Objective  To explore the effect of PARP inhibitor AG014699 combined with  Gemcitabine or Docetaxel on the proliferation of androgen-independent prostate cancer cell line PC3. Methods  PC3 cells were cultured in vitro and then divided into PARP inhibitor group, Gemcitabine group, Docetaxel group, combination of PARP inhibitor and Gemcitabine group, combination of PARP inhibitor and Docetaxel group. CCK-8 method was used to assess the vitality of PC3 cells after different treatments; flow cytometry was adopted to determine apoptosis and distribution of cell cycle after PC3 cells were treated with PARP inhibitor.
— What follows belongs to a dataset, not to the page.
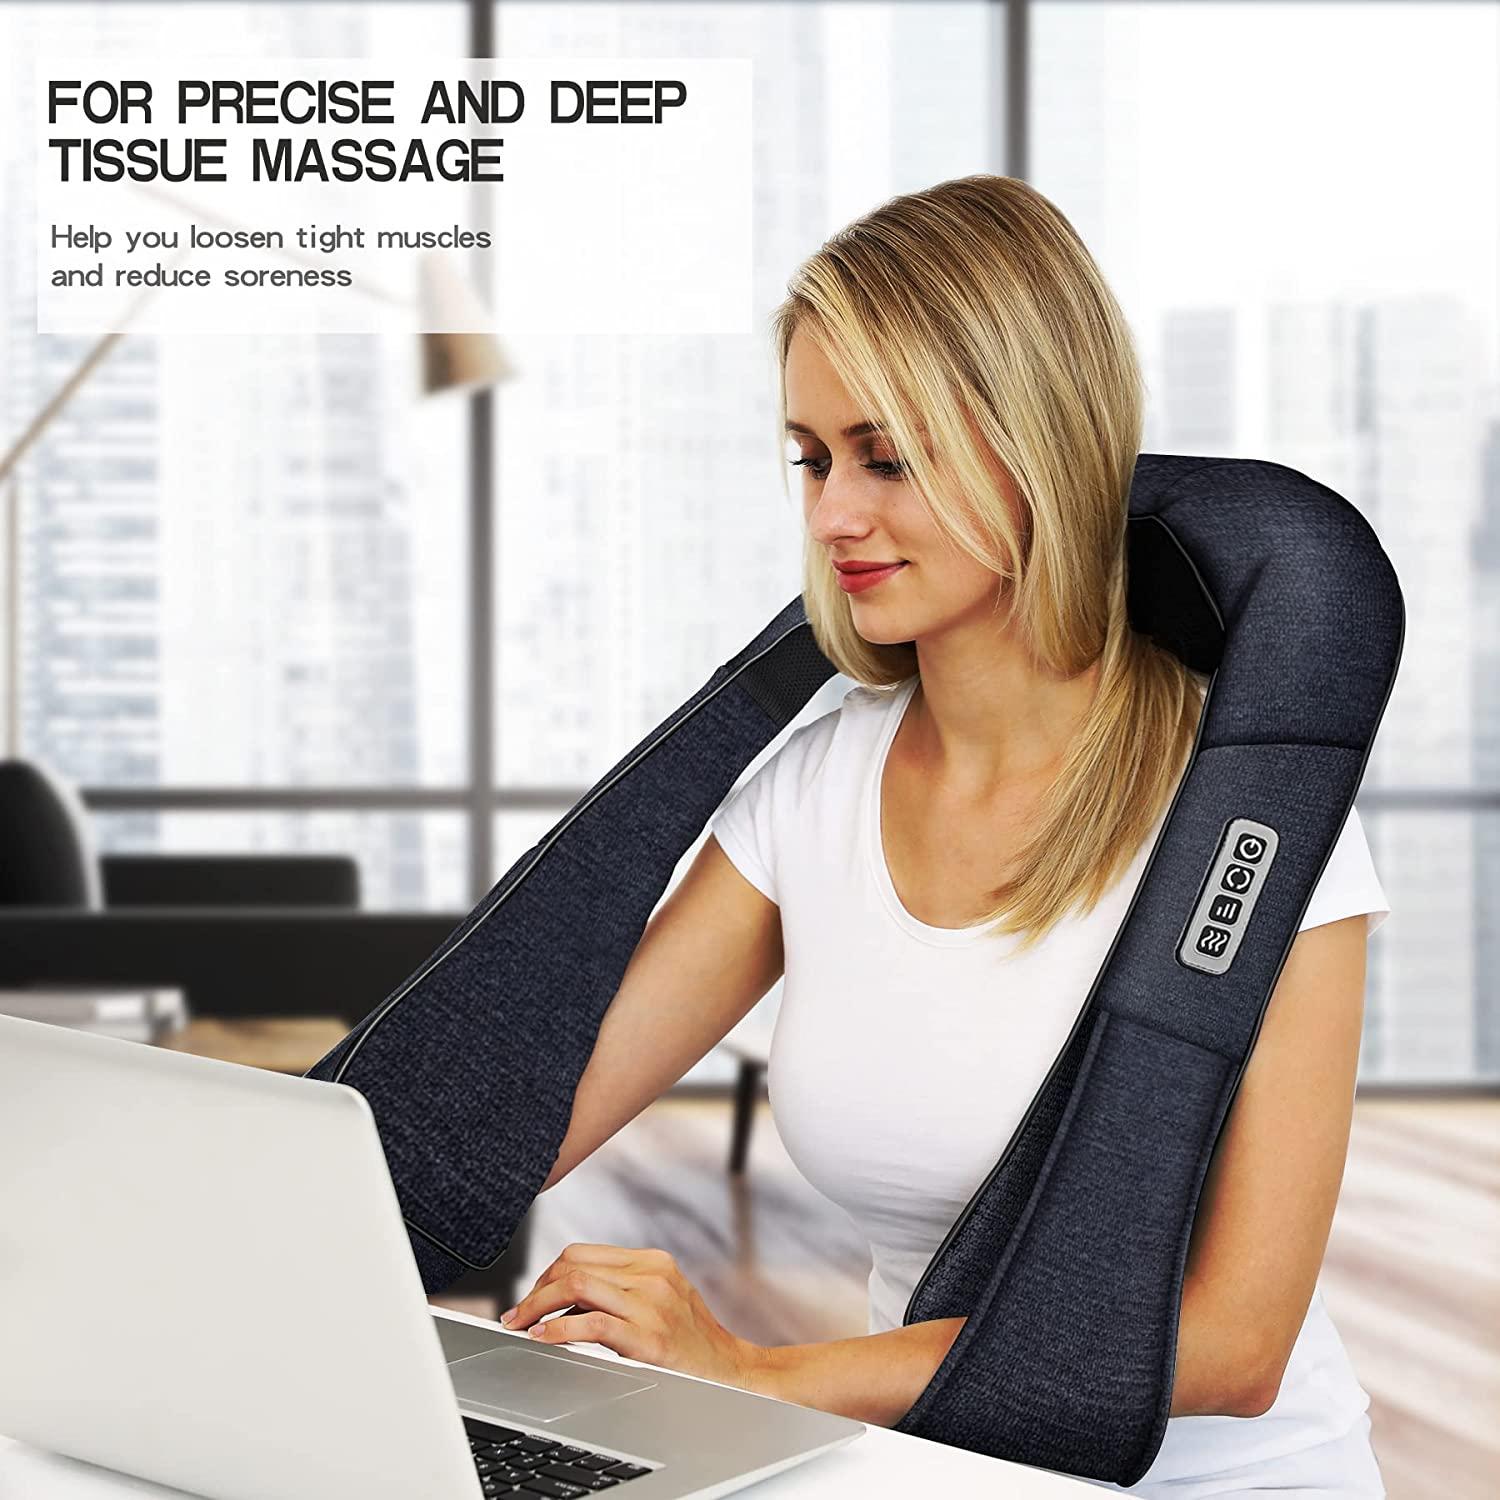 MoCuishle Shiatsu Back Shoulder and Neck Massager with Heat, Electric Deep  Tissue 4D Kneading Massag…See more MoCuishle Shiatsu Back Shoulder and Neck
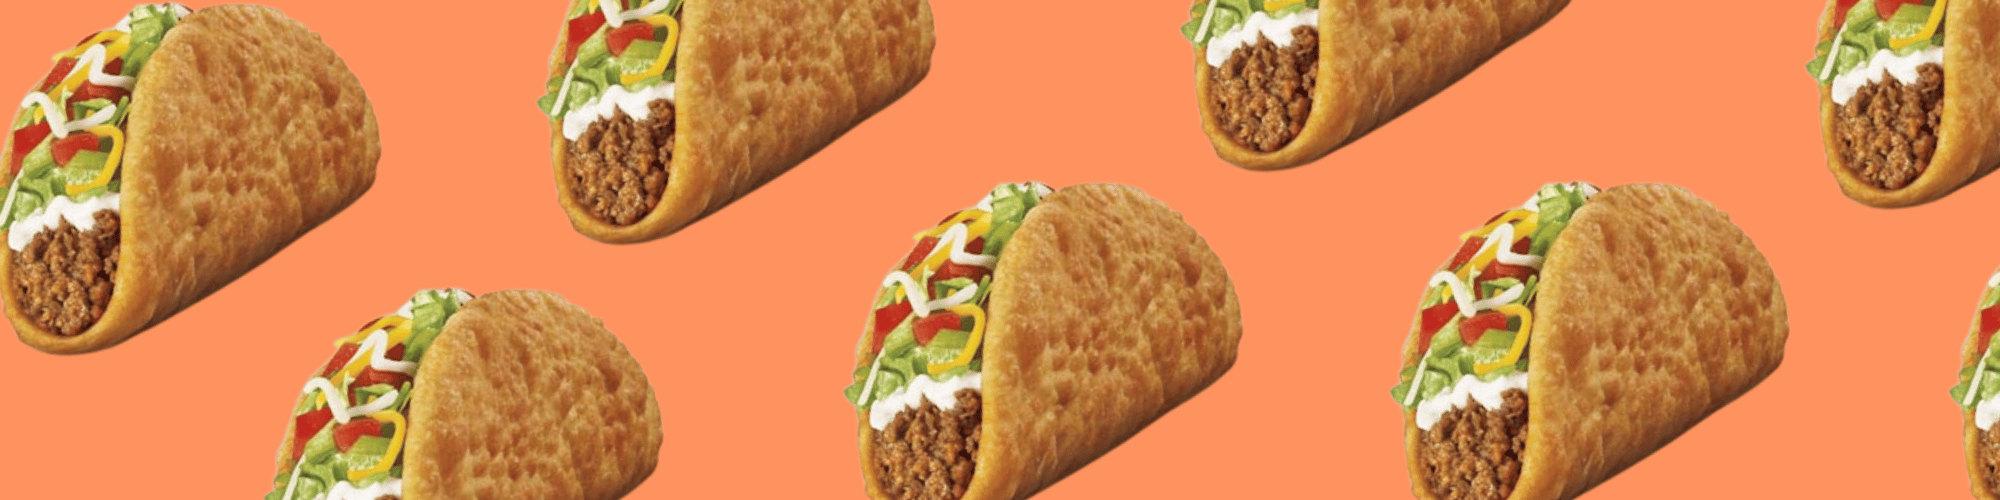 Taco Bell Partners with Delaget to Offer Optional Technical Solutions to Help Address Labor Shortages for its Franchisee Community

Results  PARP inhibitor AG014699 showed significant anti-proliferative effects on PC3 cells in a dose-and-time dependent pattern (P<0.05); Gemcitabine or Docetaxel inhibited the growth of PC3 cells in a dose dependent manner (P<0.05); compared with Gemcitabine or Docetaxel used alone, combination of PARP inhibitor and Gemcitabine or Docetaxel could significantly inhibit the growth of PC3 cells (P<0.05). Conclusion  PARP inhibitor AG014699 combined with Gemcitabine or Docetaxel has a synergistic antitumor effect on androgen-independent prostate cancer cell line PC3, which may become a promising therapy for androgen-independent prostate cancer.  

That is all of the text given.